*** Opening of Given material ***

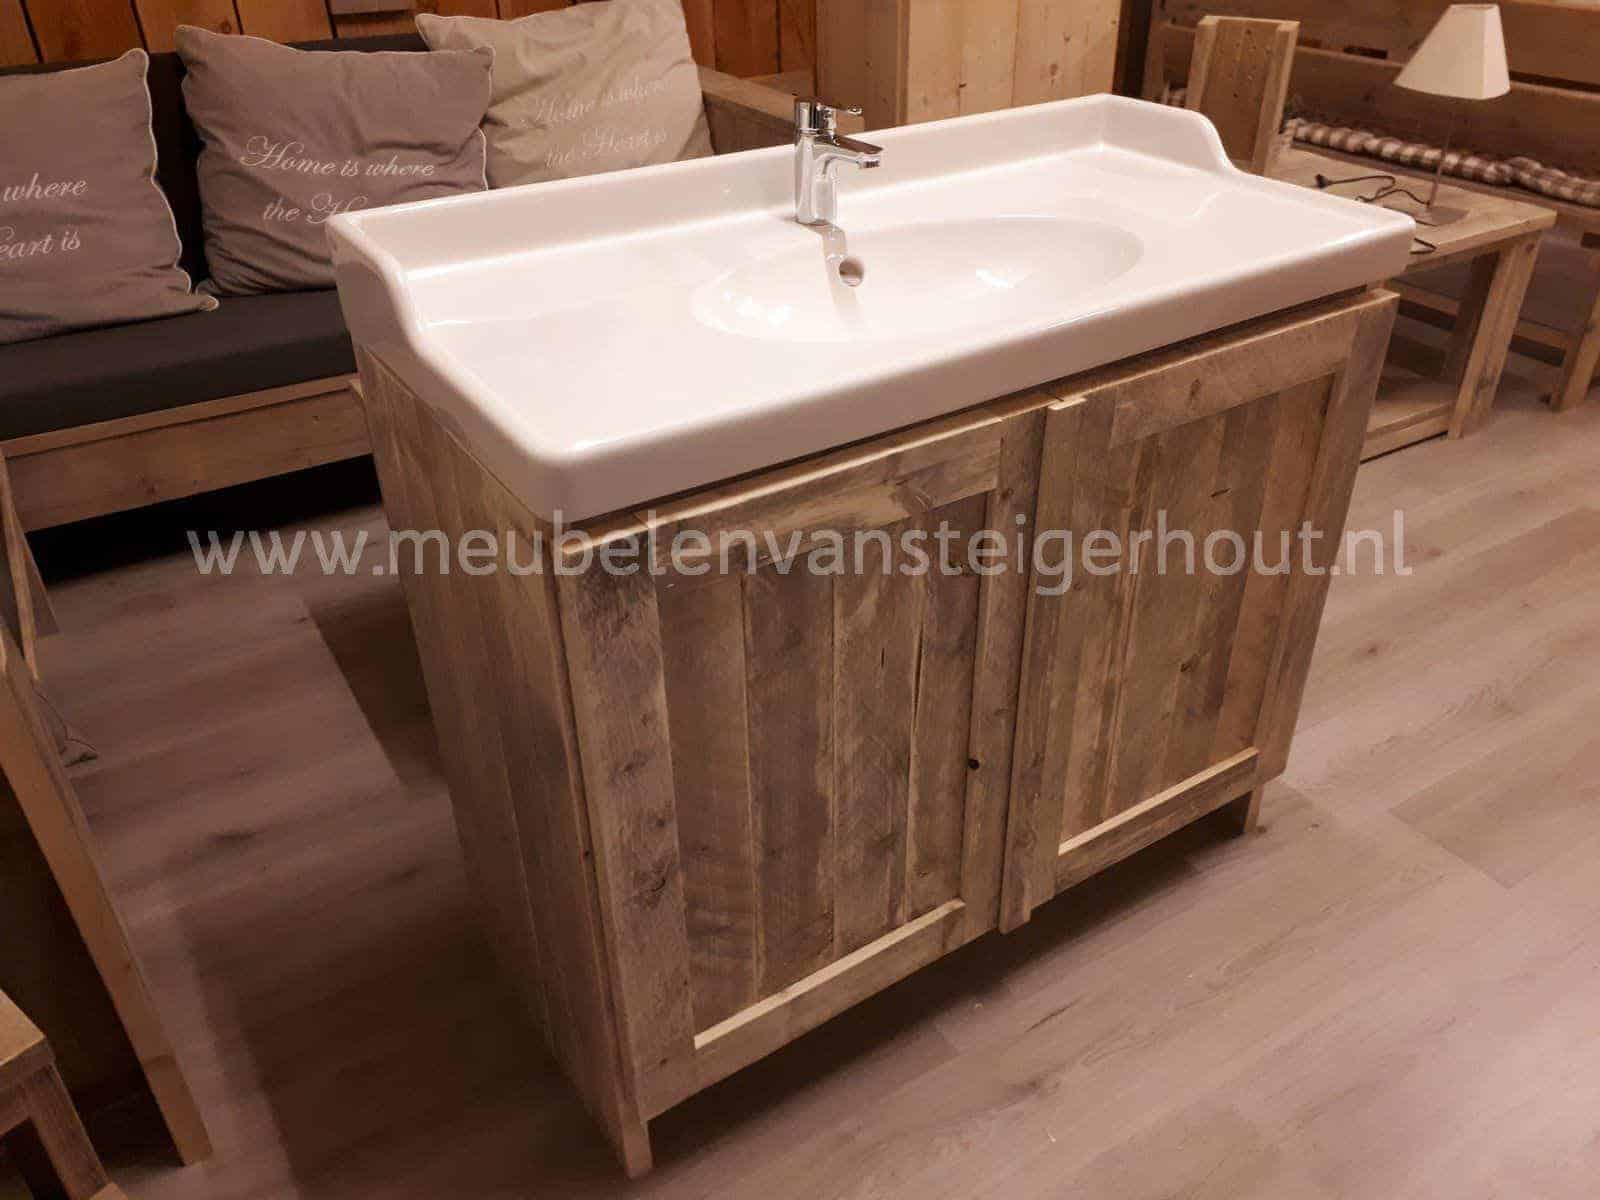 Badkamermeubel Van Steigerhout : Badmeubel steigerhout meubelen van steigerhout
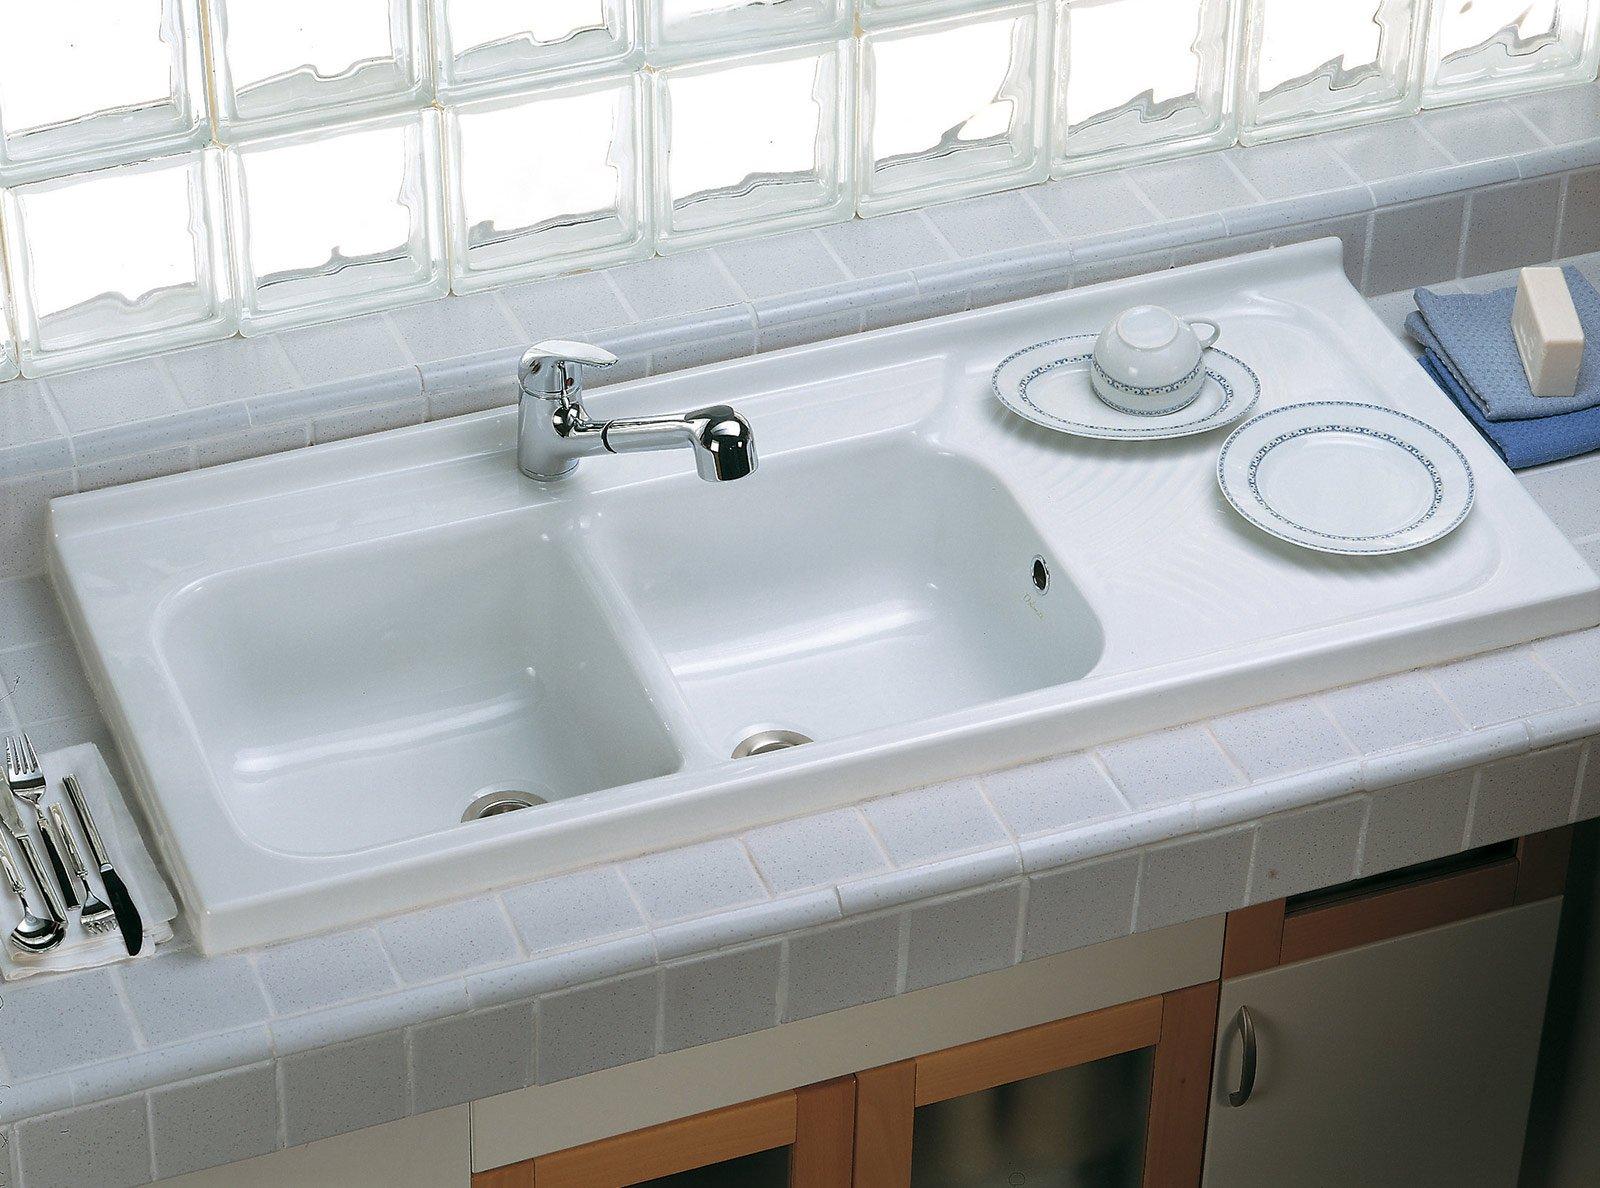 Lavelli come sceglierli cose di casa - Lavandini da cucina in ceramica ...
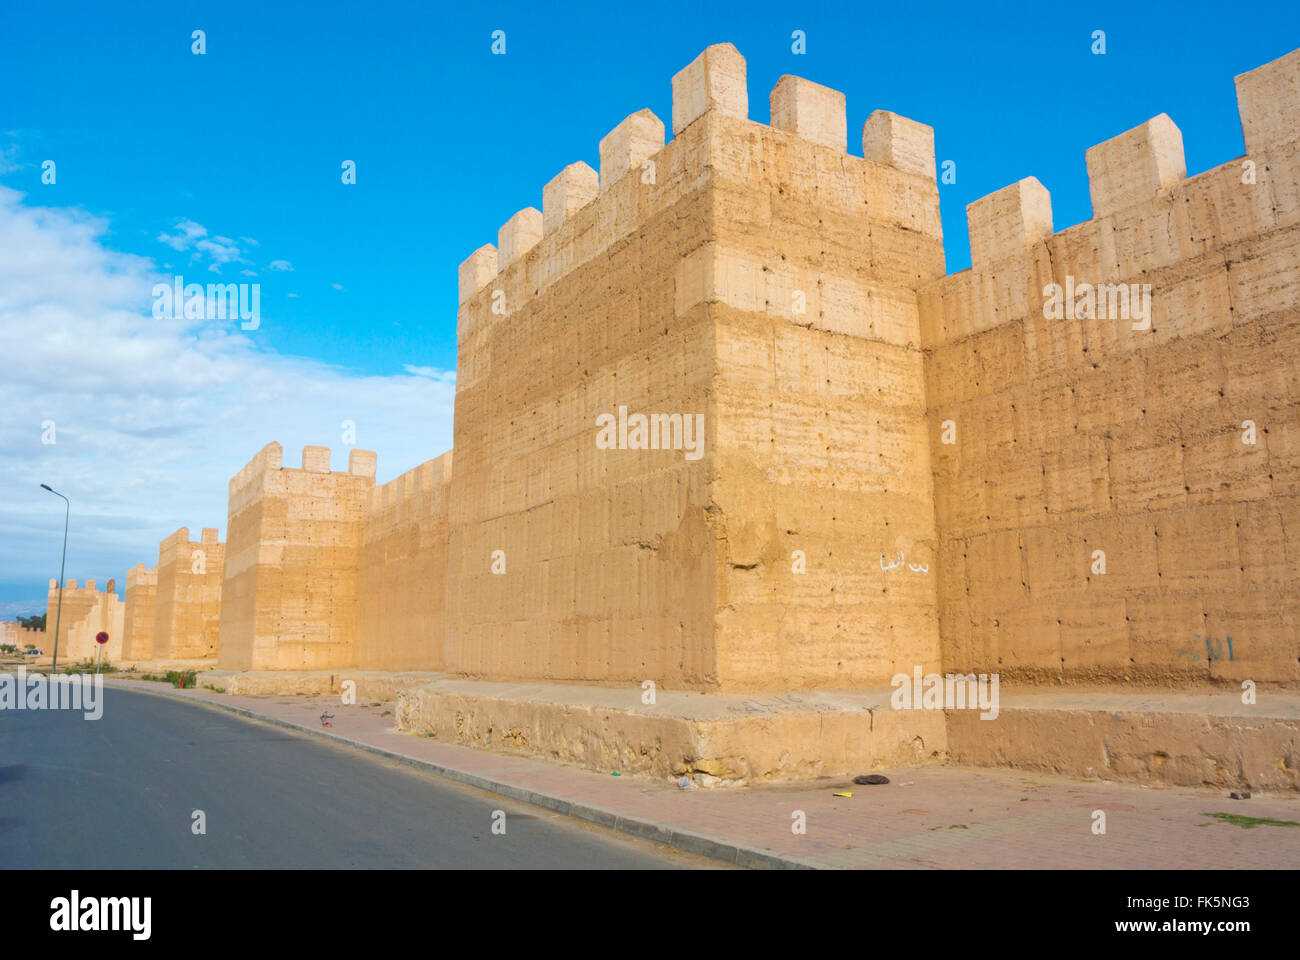 City walls, Rocade Taroudant, Taroudant, Souss valley, southern Morocco, northern Africa - Stock Image
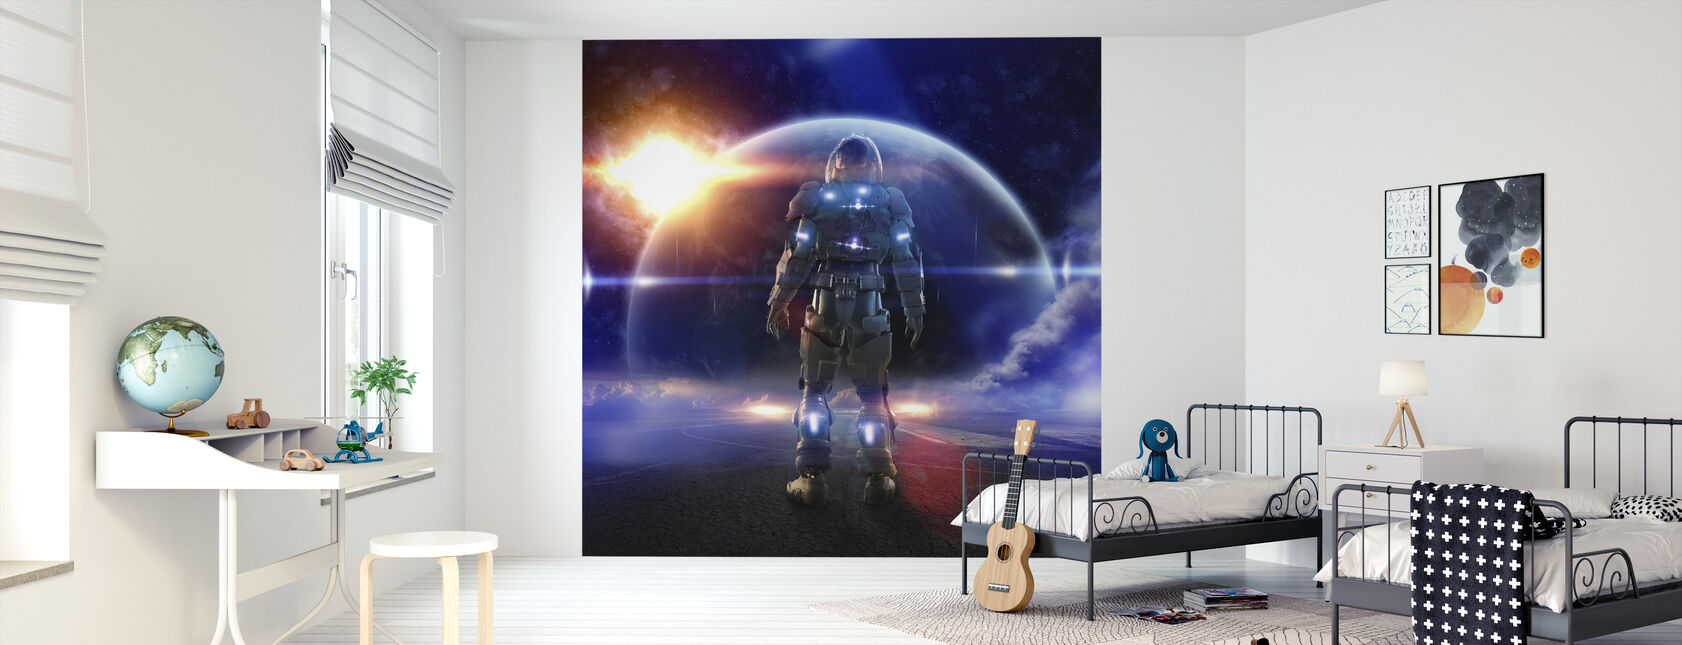 Space Knight - Wallpaper - Kids Room

*** Close of Given material ***

_Exercise prompt_
Images should not appear in the copy; retype the listing above exactly.

_Task response_
 Badkamermeubel Van Steigerhout : Badmeubel steigerhout meubelen van steigerhout
 Lavelli come sceglierli cose di casa - Lavandini da cucina in ceramica ...
 City walls, Rocade Taroudant, Taroudant, Souss valley, southern Morocco, northern Africa - Stock Image
 Space Knight - Wallpaper - Kids Room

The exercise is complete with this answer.